**ACTIVITY**
Every line from the beginning of the data through the line containing "Dolce&Gabbana The Only" should be reproduced exactly, and no further lines should be output.

Records from a data source
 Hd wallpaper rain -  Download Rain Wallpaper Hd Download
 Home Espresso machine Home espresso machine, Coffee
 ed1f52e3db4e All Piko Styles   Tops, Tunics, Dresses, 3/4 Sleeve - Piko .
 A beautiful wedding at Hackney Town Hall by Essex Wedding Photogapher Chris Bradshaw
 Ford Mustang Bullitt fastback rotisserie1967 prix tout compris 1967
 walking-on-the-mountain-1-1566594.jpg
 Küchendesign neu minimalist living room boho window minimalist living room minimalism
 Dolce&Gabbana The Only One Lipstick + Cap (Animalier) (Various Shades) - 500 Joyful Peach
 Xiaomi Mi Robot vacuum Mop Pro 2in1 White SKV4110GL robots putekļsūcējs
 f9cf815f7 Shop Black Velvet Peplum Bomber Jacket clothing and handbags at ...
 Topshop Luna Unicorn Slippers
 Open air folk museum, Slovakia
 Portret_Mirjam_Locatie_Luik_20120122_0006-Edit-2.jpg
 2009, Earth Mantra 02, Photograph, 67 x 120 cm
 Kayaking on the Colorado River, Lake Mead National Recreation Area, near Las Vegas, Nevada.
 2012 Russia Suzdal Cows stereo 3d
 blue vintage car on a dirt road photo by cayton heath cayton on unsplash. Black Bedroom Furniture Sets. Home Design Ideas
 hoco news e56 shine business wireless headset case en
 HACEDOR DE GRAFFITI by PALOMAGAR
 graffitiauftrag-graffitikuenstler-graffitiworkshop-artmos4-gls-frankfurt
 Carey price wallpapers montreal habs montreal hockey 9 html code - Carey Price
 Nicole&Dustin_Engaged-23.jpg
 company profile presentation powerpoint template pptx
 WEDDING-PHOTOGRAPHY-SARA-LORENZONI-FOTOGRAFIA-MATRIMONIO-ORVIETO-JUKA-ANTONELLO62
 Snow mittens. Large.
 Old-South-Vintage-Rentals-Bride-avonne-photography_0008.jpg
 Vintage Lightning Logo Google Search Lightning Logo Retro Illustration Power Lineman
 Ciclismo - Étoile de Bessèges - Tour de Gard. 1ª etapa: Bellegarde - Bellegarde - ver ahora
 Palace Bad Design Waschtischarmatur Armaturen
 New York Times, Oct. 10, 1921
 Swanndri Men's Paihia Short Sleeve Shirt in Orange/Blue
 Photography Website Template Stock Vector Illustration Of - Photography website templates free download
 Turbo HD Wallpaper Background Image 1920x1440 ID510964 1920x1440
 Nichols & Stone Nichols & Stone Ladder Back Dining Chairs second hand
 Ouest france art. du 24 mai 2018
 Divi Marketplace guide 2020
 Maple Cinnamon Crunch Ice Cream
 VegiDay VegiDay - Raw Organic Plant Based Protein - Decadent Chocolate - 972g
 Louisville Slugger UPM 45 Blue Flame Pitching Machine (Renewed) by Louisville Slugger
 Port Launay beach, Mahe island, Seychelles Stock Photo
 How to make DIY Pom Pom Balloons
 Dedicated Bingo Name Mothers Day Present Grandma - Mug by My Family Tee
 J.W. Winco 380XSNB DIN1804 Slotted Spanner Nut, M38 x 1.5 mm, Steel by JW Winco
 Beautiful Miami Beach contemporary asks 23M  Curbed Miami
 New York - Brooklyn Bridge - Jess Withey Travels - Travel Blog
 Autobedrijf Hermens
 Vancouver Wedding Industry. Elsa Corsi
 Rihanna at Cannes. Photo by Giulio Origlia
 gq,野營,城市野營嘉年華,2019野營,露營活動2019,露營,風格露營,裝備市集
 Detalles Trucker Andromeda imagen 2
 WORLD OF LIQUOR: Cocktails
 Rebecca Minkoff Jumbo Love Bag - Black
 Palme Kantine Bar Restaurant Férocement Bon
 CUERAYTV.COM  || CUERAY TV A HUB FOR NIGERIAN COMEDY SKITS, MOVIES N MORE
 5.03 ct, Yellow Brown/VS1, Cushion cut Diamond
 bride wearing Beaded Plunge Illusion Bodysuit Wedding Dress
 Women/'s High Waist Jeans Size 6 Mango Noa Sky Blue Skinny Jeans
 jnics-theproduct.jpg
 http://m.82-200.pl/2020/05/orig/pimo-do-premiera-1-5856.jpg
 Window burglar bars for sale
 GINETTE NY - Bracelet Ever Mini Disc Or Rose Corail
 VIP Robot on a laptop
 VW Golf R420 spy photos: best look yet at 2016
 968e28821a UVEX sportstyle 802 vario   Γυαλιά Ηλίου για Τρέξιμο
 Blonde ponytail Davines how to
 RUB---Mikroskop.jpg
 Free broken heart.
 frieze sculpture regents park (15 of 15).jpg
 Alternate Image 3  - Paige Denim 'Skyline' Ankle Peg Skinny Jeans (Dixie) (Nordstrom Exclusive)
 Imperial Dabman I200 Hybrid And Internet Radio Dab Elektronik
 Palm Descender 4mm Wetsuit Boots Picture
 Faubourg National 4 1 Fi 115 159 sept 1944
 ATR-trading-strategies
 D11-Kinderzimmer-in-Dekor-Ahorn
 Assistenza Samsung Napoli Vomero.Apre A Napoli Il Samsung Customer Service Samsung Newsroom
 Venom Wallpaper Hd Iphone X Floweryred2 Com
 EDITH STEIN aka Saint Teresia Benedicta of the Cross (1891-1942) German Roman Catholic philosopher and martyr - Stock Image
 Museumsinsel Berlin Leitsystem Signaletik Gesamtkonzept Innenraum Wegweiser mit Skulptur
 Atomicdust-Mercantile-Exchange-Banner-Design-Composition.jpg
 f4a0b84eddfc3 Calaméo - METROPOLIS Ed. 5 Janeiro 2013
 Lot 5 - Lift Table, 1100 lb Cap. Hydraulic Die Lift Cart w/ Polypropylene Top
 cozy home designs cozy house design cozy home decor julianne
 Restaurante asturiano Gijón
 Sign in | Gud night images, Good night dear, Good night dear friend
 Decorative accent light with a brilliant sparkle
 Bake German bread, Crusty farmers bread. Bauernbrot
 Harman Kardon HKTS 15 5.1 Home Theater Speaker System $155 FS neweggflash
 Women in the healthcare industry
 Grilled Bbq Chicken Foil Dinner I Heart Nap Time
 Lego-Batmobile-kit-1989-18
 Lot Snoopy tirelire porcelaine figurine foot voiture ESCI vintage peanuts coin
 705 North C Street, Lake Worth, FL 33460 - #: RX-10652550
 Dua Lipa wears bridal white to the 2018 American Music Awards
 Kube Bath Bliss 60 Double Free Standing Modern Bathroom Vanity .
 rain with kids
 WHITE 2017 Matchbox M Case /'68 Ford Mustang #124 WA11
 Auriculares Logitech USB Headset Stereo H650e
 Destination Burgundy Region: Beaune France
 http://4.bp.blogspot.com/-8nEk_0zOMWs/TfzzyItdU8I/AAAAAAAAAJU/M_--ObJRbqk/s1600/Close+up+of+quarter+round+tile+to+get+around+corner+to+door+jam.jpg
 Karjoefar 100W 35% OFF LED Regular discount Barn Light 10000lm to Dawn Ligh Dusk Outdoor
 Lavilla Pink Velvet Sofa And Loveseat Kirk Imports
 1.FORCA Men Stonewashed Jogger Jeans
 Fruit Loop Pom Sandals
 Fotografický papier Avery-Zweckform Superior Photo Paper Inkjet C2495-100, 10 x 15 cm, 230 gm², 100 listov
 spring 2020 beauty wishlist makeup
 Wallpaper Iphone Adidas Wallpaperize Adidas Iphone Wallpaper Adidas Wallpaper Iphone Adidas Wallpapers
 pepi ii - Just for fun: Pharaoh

**FINISHED EXERCISE**
 Hd wallpaper rain -  Download Rain Wallpaper Hd Download
 Home Espresso machine Home espresso machine, Coffee
 ed1f52e3db4e All Piko Styles   Tops, Tunics, Dresses, 3/4 Sleeve - Piko .
 A beautiful wedding at Hackney Town Hall by Essex Wedding Photogapher Chris Bradshaw
 Ford Mustang Bullitt fastback rotisserie1967 prix tout compris 1967
 walking-on-the-mountain-1-1566594.jpg
 Küchendesign neu minimalist living room boho window minimalist living room minimalism
 Dolce&Gabbana The Only One Lipstick + Cap (Animalier) (Various Shades) - 500 Joyful Peach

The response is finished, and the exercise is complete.